Thin backends are application servers that act as a small amount of code wrapping a persistence layer (a database or a web service). The first attempt at building a thin backend for the Rackspace Cloud Control Panel leveraged libcloud, thinking that we could rely on the work of an open source library to move quickly. Our API wrapped the programmatic libcloud API:

from flask import jsonify, get_json

@app.route('/servers', method=['GET'])
def servers_list():
    # servers is an array of libcloud.compute.base.Node
    servers = driver.list_servers()
    return jsonify(servers=[{ 'id': s.name,
                              'name': s.name} for s in servers])

@app.route('/servers', method=['POST'])
def servers_create():
    request = get_json()
    server = driver.create_node(name=request['name'])
    return jsonify(server=[{ 'id': s.name,
                             'name': s.name}])

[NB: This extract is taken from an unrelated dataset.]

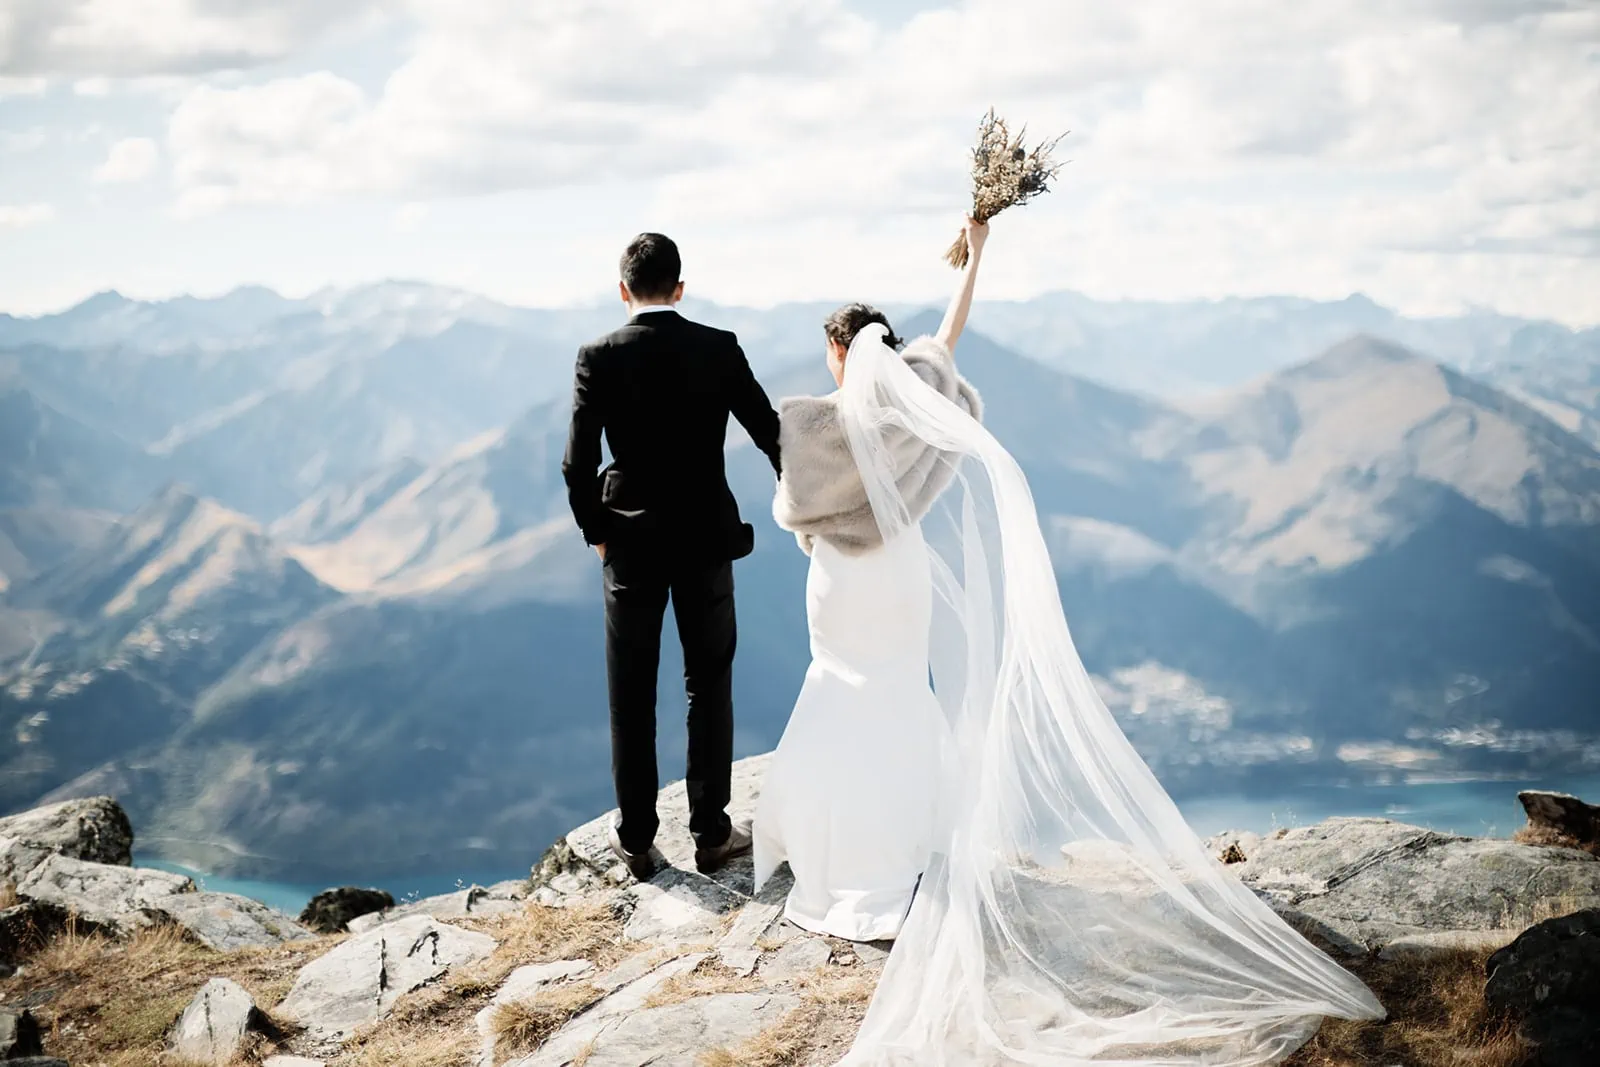 Dios & Carlyn's Queenstown Heli Pre Wedding adventure at Cecil Peak, with breathtaking mountainous backdrop.

There's something initially appealing about this style of code. It's very clear how to add new features. It doesn't demand that you reinvent the wheel for new features: request goes in, appropriate call is made to the libcloud driver, response comes back. You can give this code to a junior developer, ask them to add five more resources, and they can do it without incident.

However, as we added more and more resources, you ended up maintaining a large number of these wrappers. To add a new capability to the user interface, you needed to add new wrapper code, add tests (possibly at both the unit and integration level), add documentation, and so forth. Eventually the sheer amount of this wrapper code became a burden that inhibited change.

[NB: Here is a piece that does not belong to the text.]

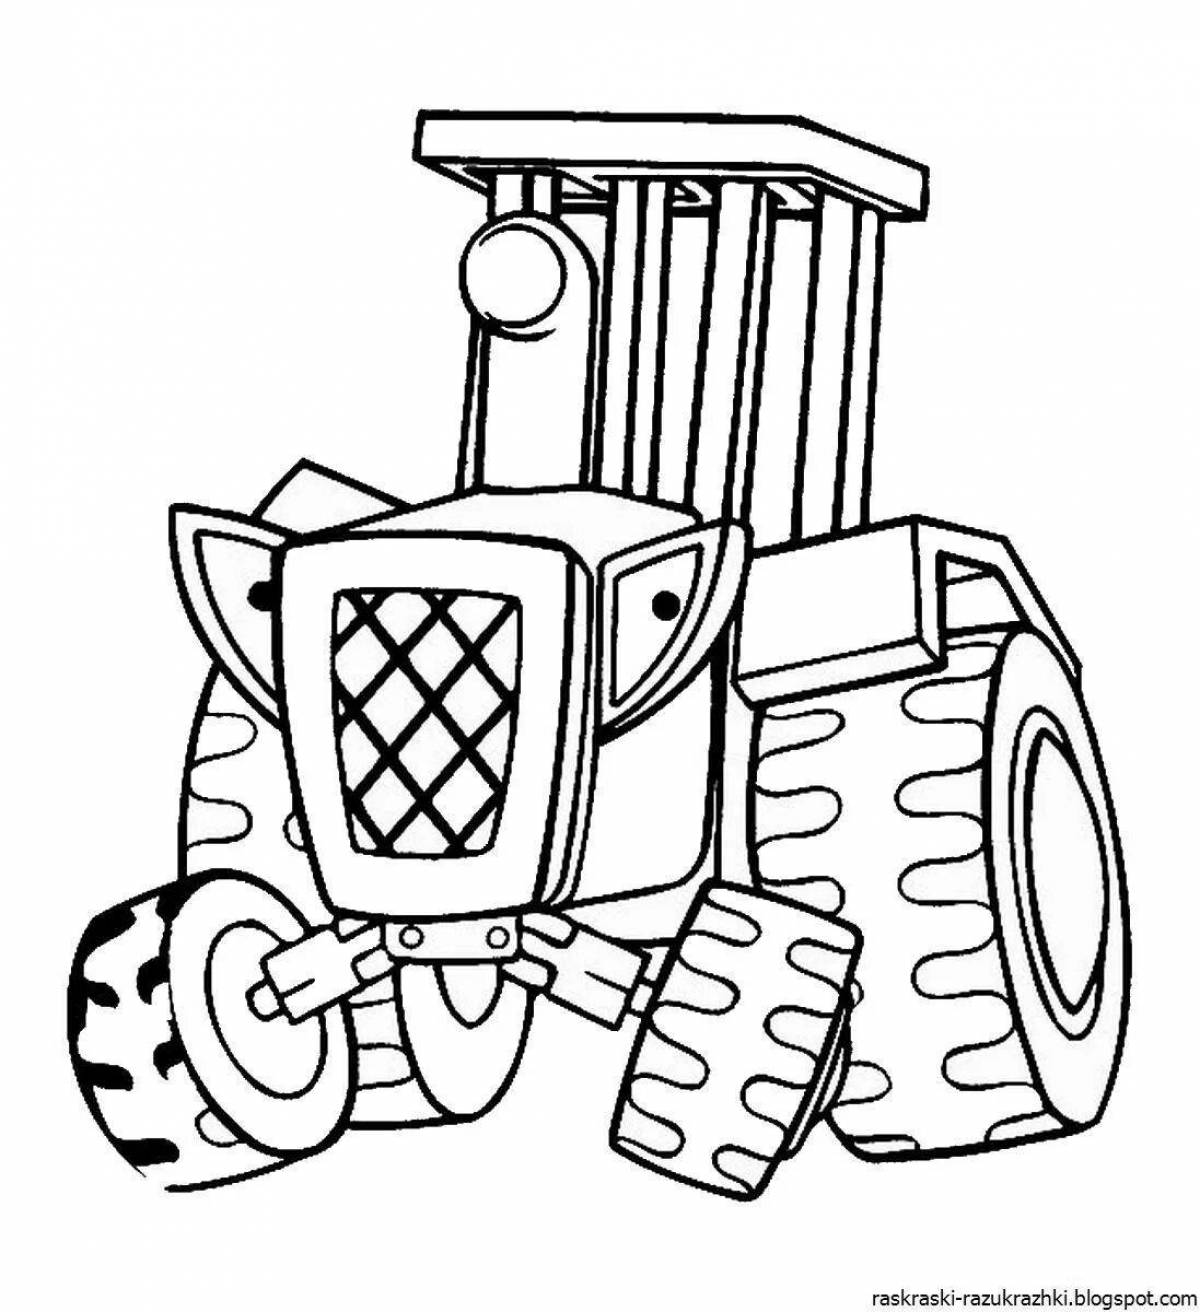 Live tractor coloring page

We ended up with over a thousand lines of Python code translating libcloud objects back and forth between JSON, including mappings between libcloud states and project-specific states that could be relied on to not change. Additionally, our team was usually writing the functionality that we needed into libcloud as the library (quite reasonably) didn't yet support our very specific use-cases. Because of this, every time we needed to access a new field in an upstream API, we'd need to build this field into an external library, and then update our wrapper code to access this field. Our Python backend ended up as a very specific translation layer between an HTTP request to our application servers and a call into libcloud, which would make another HTTP request to an upstream service API.

Of course, every new feature also needed to be implemented in the user interface, meaning that things like API validation were only checking for bugs in the data forwarded on from the requests as written in JavaScript. In following our initial design of creating an API for our user interface, we spent most of our time wrapping another service's API with a layer that provided no major value and was just another place to introduce bugs.

We Didn't Need an API, We Needed a Router

This insight that our Python code was just serving as a translation layer led us to our final solution: a generic router between an XMLHttpRequest made by client to an upstream server-side request. Data returned from an upstream API would be routed back straight to the client. Data sent to our app server would be forwarded on upstream. When a new request needs to be made in the user interface, we build the user interface directly, making an XMLHttpRequest to a generic router endpoint, rather than writing new code that lives at the app server level.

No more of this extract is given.